Now we’ll query the index with legal-specific questions. Note that get_query_embedding automatically uses task="retrieval/query" for optimal query performance.

# Create a retriever
retriever = index.as_retriever(similarity_top_k=3)
# Query about risk factors
retrieved_nodes = retriever.retrieve(
"What are the main risk factors mentioned in the document?"
)
print(f"Retrieved {len(retrieved_nodes)} nodes\n")
for i, node in enumerate(retrieved_nodes):
print(f"\n--- Node {i+1} (Score: {node.score:.4f}) ---")
display_source_node(node, source_length=500)
# Query about legal proceedings
retrieved_nodes = retriever.retrieve(
"What legal proceedings or litigation is the company involved in?"
)
print(f"Retrieved {len(retrieved_nodes)} nodes\n")
for i, node in enumerate(retrieved_nodes):
print(f"\n--- Node {i+1} (Score: {node.score:.4f}) ---")
display_source_node(node, source_length=500)

Combine Isaacus embeddings with an LLM for complete question answering:

import os
# Set your OpenAI API key
openai_api_key = "YOUR_OPENAI_API_KEY"
os.environ["OPENAI_API_KEY"] = openai_api_key
# Set up LLM
llm = OpenAI(model="gpt-4o-mini", temperature=0)
# Create query engine
query_engine = index.as_query_engine(
llm=llm,
similarity_top_k=5,
)
# Ask a legal question
response = query_engine.query(
"What are the company's main regulatory and legal risks?"
)
display(Markdown(f"**Answer:** {response}"))
response = query_engine.query(
"What intellectual property does the company rely on?"
)
display(Markdown(f"**Answer:** {response}"))

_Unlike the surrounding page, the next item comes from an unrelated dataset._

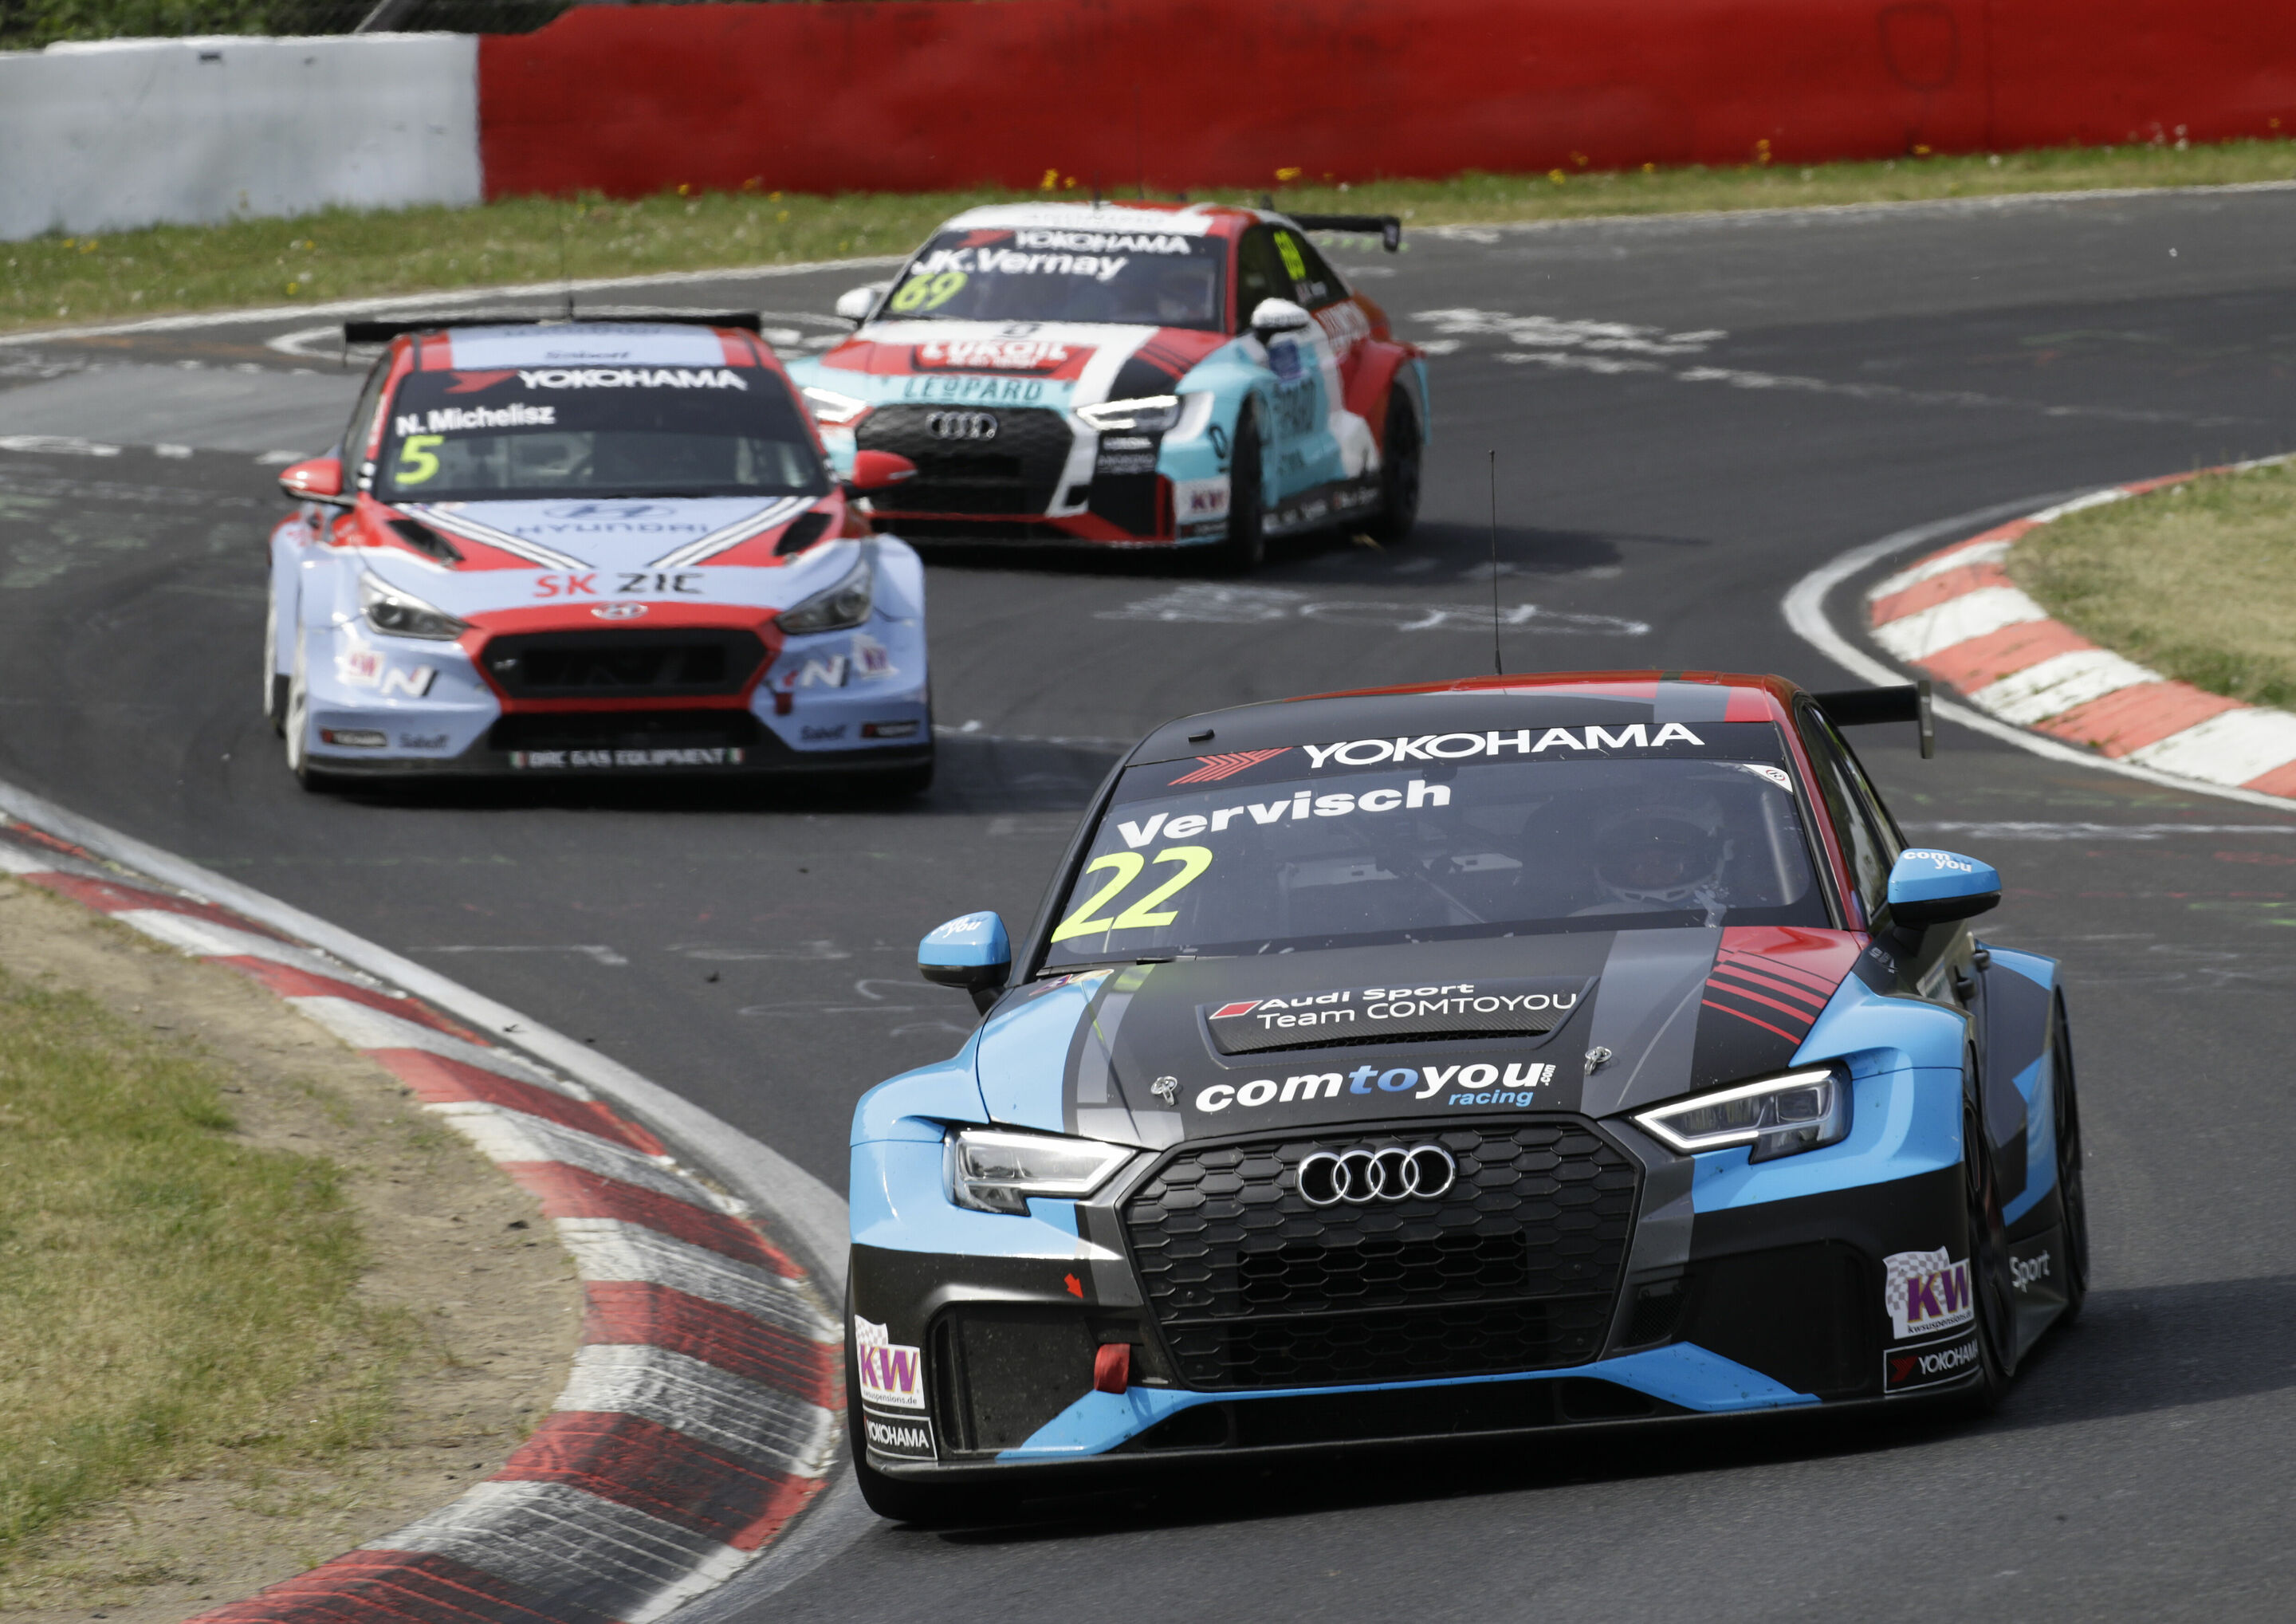 WTCR - FIA World Touring Car Cup 2018

Isaacus embeddings also support async operations for better performance in async applications:

import asyncio
async def get_embeddings_async():
embed_model = IsaacusEmbedding(
api_key=isaacus_api_key,
)
# Get async single embedding
embedding = await embed_model.aget_text_embedding(
"Async legal document text"
)
# Get async batch embeddings
embeddings = await embed_model.aget_text_embedding_batch(
["Text 1", "Text 2", "Text 3"]
)
return embedding, embeddings
# Run async function
embedding, embeddings = await get_embeddings_async()
print(f"Async single embedding dimension: {len(embedding)}")
print(
f"Async batch: {len(embeddings)} embeddings of {len(embeddings[0])} dimensions each"
)

In this notebook, we demonstrated:

  1. Basic usage - Getting single and batch embeddings
  2. Task-specific optimization - Using retrieval/document for indexing and retrieval/query for searching
  3. Dimensionality reduction - Reducing embedding size for efficiency
  4. Legal RAG pipeline - Building a complete retrieval system with legal documents (Uber 10-K)
  5. Async operations - Using async methods for better performance

The Kanon 2 Embedder excels at legal document understanding and retrieval, making it ideal for legal tech applications, compliance tools, contract analysis, and more.